Правда, прямой конфликт на этот раз не желателен. Что ж, это даже к лучшему. У СС и лично Генриха Гиммлера врагов более чем достаточно как в самой организации, так и за ее пределами – желающих избавиться от такого соперника предостаточно и в армии, и в партийном аппарате. Нужно лишь подтолкнуть эти силы к действию и придать им нужное направление, после чего можно будет любоваться результатами своих трудов со стороны, ничем не рискуя.
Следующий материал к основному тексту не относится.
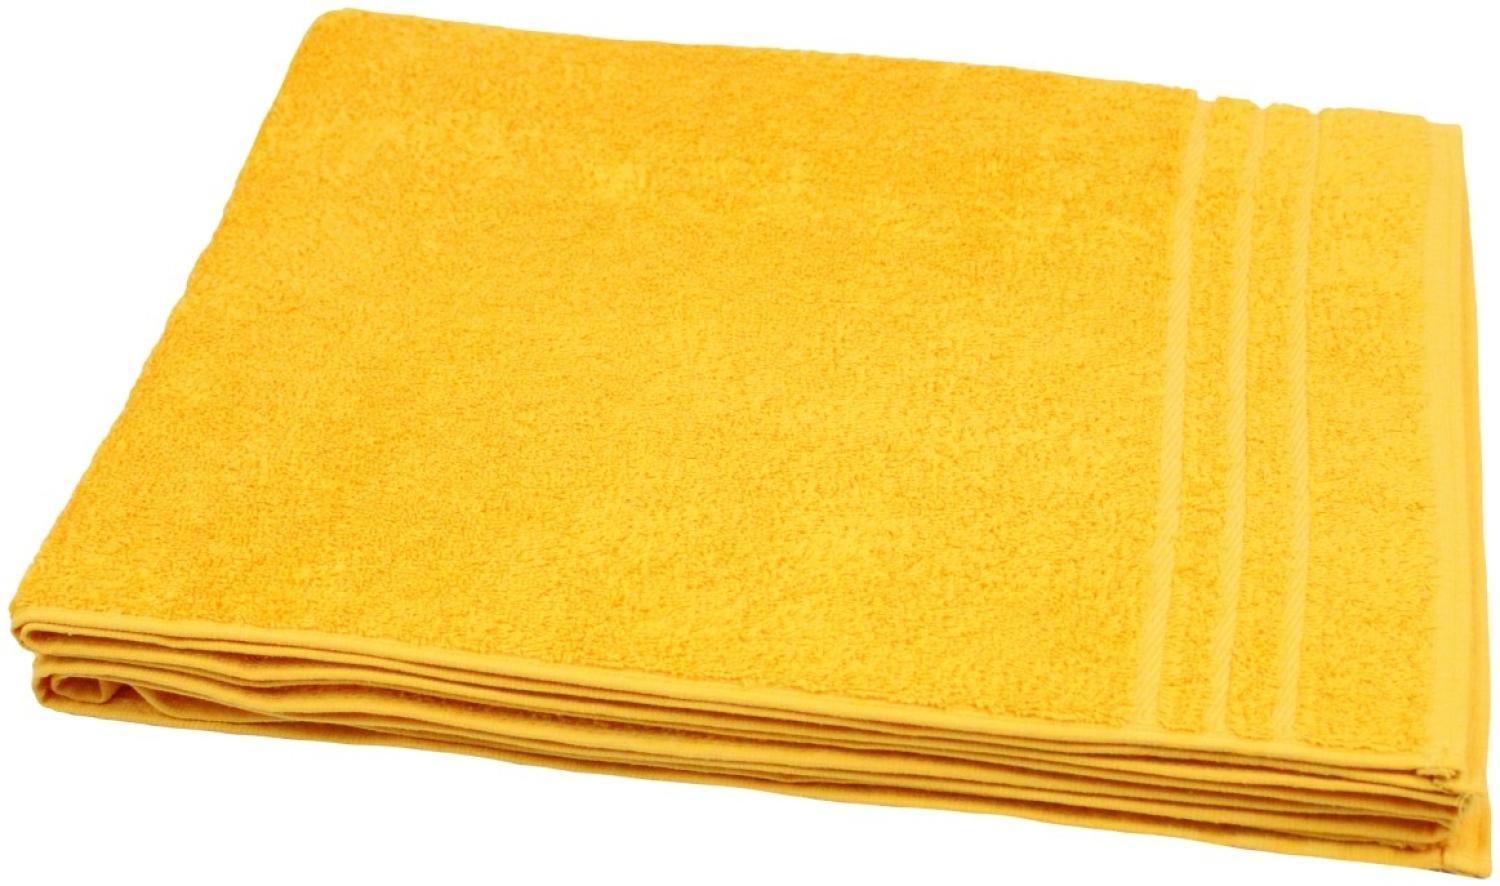 Handtuch 50x100 cm, 500g/m² orange / gelb Bild 1

Ну а заодно неплохо бы прихватить что-нибудь полезное и для себя. Тем более что начало уже положено. Вот, например, инспекторат концентрационных лагерей очень органично вписался в структуру РСХА. Ведь клиентов в ведомство покойного ныне Эйке поставляет именно РСХА, так почему бы ему и дальше не сохранять контроль над своими «подопечными»? Ну а вместе с пенитенциарной системой, в комплекте, так сказать, под мой контроль перешли и охранные войска – подразделения «Тотенкопф». Собственная армия в придачу к собственным спецслужбам и системе исполнения наказаний – это уже что-то». Гейдрих не сдержался и щелкнул своими изящными пальцами музыканта. Все пока шло по плану. По его плану!
* * *Кому не удалось удержаться на почтительном расстоянии от действующих фронтов, так это Ромке, который угодил прямо в распахнутые объятия продолжающейся мировой бойни. Эшелоны, везущие бойцов и командиров 26-й стрелковой бригады на запад, в течение девяти дней с небольшими остановками проследовали из Камышлова через Свердловск, Ижевск, Казань, Горький и Иваново в Ярославль, где и произошла выгрузка.
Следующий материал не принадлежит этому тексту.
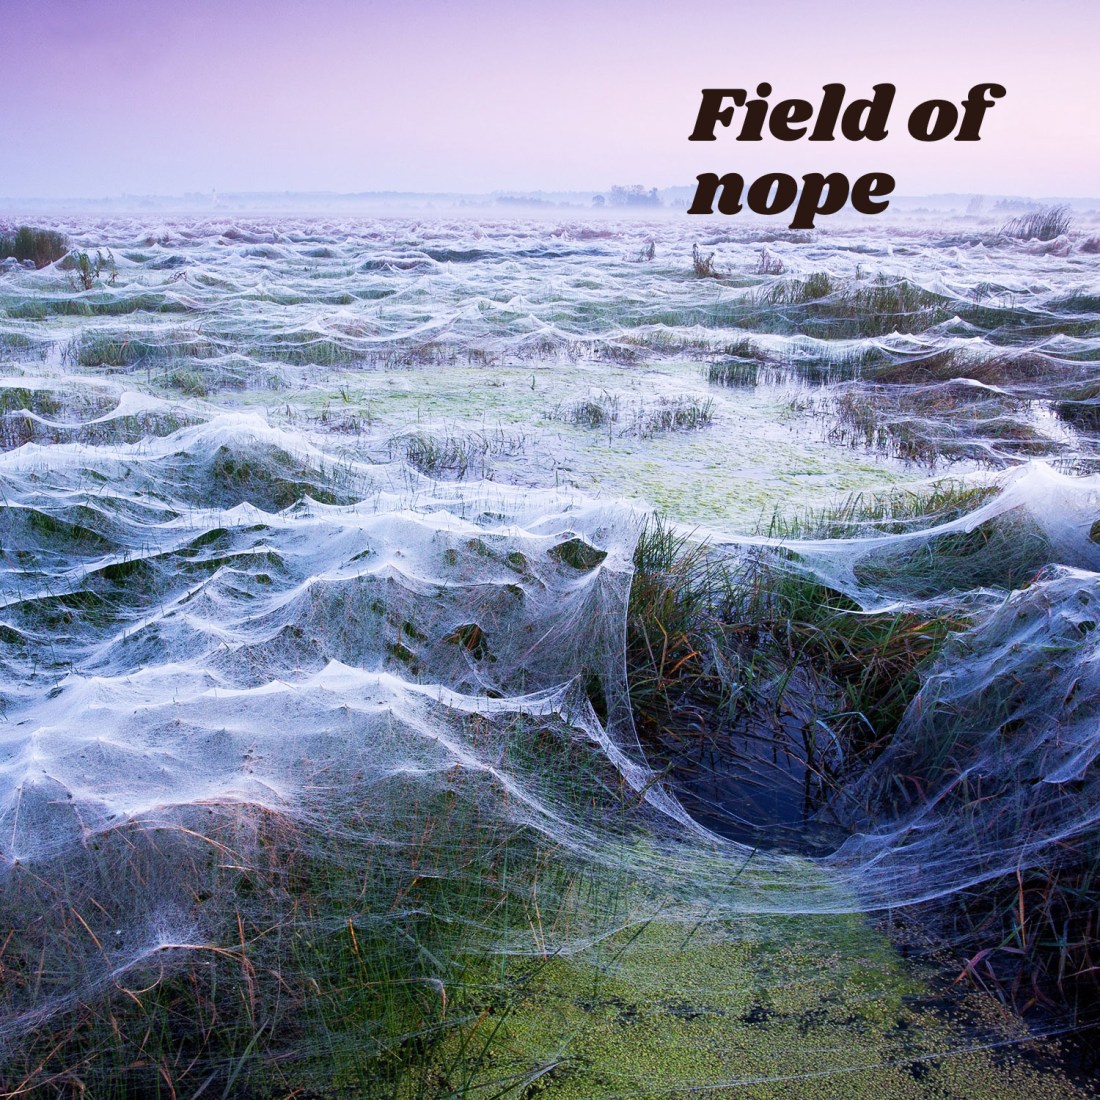 Field of nope

Пока рота строилась на вокзале, готовясь к пешему маршу, Марченко наметанным глазом уже уловил признаки, безошибочно указывающие на близость фронта. Вроде и обычный провинциальный город, типа той же Пензы, которую Рома неплохо узнал, пока лежал в госпитале, а вот поди ж ты – сразу чувствуется, что война рядом. Тут тебе и пулеметные гнезда, сложенные из мешков с песком, и задранные в небо стволы зениток, и стеклянные глаза прожекторов, и усиленные патрули на улицах, частично перегороженных баррикадами и переносными проволочными заграждениями. Люди, попадающиеся на глаза, тоже были какие-то беспокойные, занятые, собранные. Нет обычной для глубокого тыла беспечности и раскованности, переходящей местами в расхлябанность. Да и вообще вся окружающая обстановка какая-то… словно в воздухе что-то разлито… тревога, страх… Даже дышится тут по-другому!
Впрочем, долго наслаждаться городскими видами Ромке не дали. По мере выгрузки части бригады споро выпроваживали из города, отправляя их пешим порядком дальше на запад. Таким вот образом стрелковый батальон, в котором на должности командира отделения числился младший сержант Марченко, преодолел за трое суток около сотни километров, после чего остановился на дневку в небольшом городишке, названия которого Ромка как-то не запомнил, что вообще-то было для него нехарактерно – на память он никогда не жаловался и с детства отличался повышенной любознательностью.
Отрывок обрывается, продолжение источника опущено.